Dramatic bandwidth reduction on replication between sites. Twenty years ago, the
IT organization was dedicated to a single primary data center, but today, almost all IT
teams manage multiple sites. A fundamental requirement of the infrastructure, then, is
fostering efficient data transfer among sites. Deduplicating data before it goes to a
remote site makes the transfer itself more efficient and saves significant bandwidth
resources.
Enhanced data mobility. A fundamental principle of server virtualization is the mobility
of the VMs, but course-grain data structures significantly block mobility in a traditional
infrastructure environment.

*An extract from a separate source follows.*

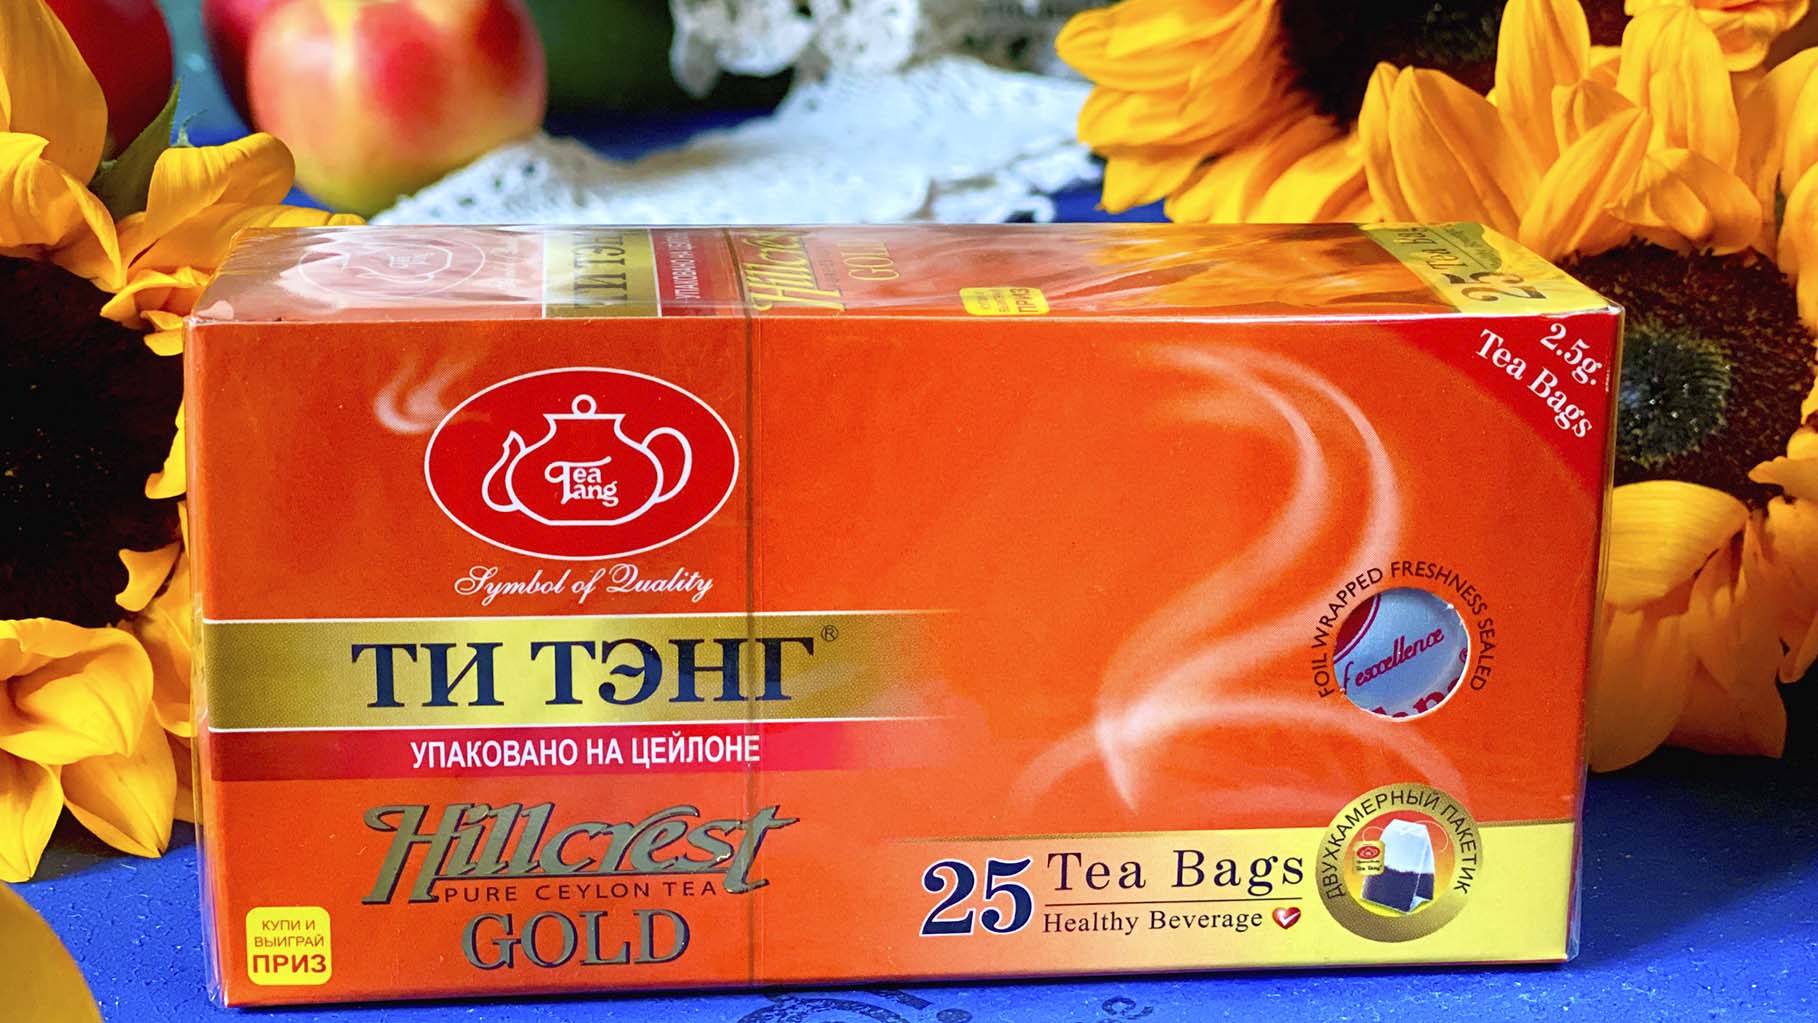 Черный чай ТИ ТЭНГ Hillcrest GOLD пакетированный  25 пакетов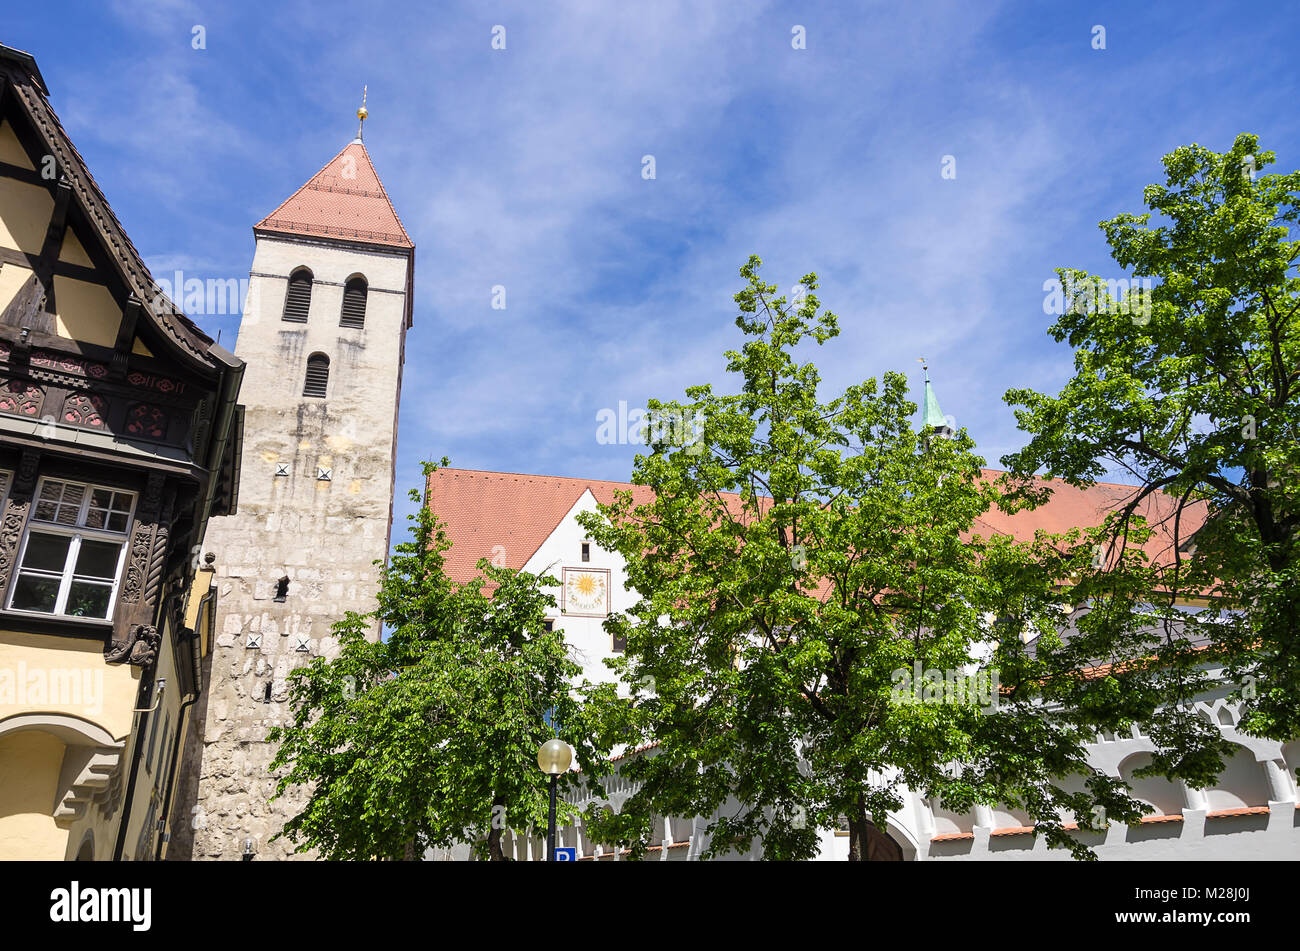 L'architecture médiévale et la tour en Kapellengasse ruelle dans la vieille ville de Ratisbonne, Bavière, Allemagne. Banque D'Images

When the data is deduplicated, it is easier to move VMs
from one server to another, and it is easier to move data in and out of the Cloud for the
same reason.
Efficient storage utilization. Required capacity can be reduced 2-3X in standard
primary use cases based on the effective use of deduplication, compression, and
optimization (DCO).
Enhanced performance given that less actual data needs to be written to disk or read
from disk. This is amplified in application environments such as VDI, where “boot storm”
can generate multiple GB of random reads from disk. With DCO, that can be reduced to
tens of MB.
Enhanced “time-to-data”. Achieve faster access to data (by virtue of there being less
physical data to move), when migrating data, or when recovering data from a remote site
or from the Cloud.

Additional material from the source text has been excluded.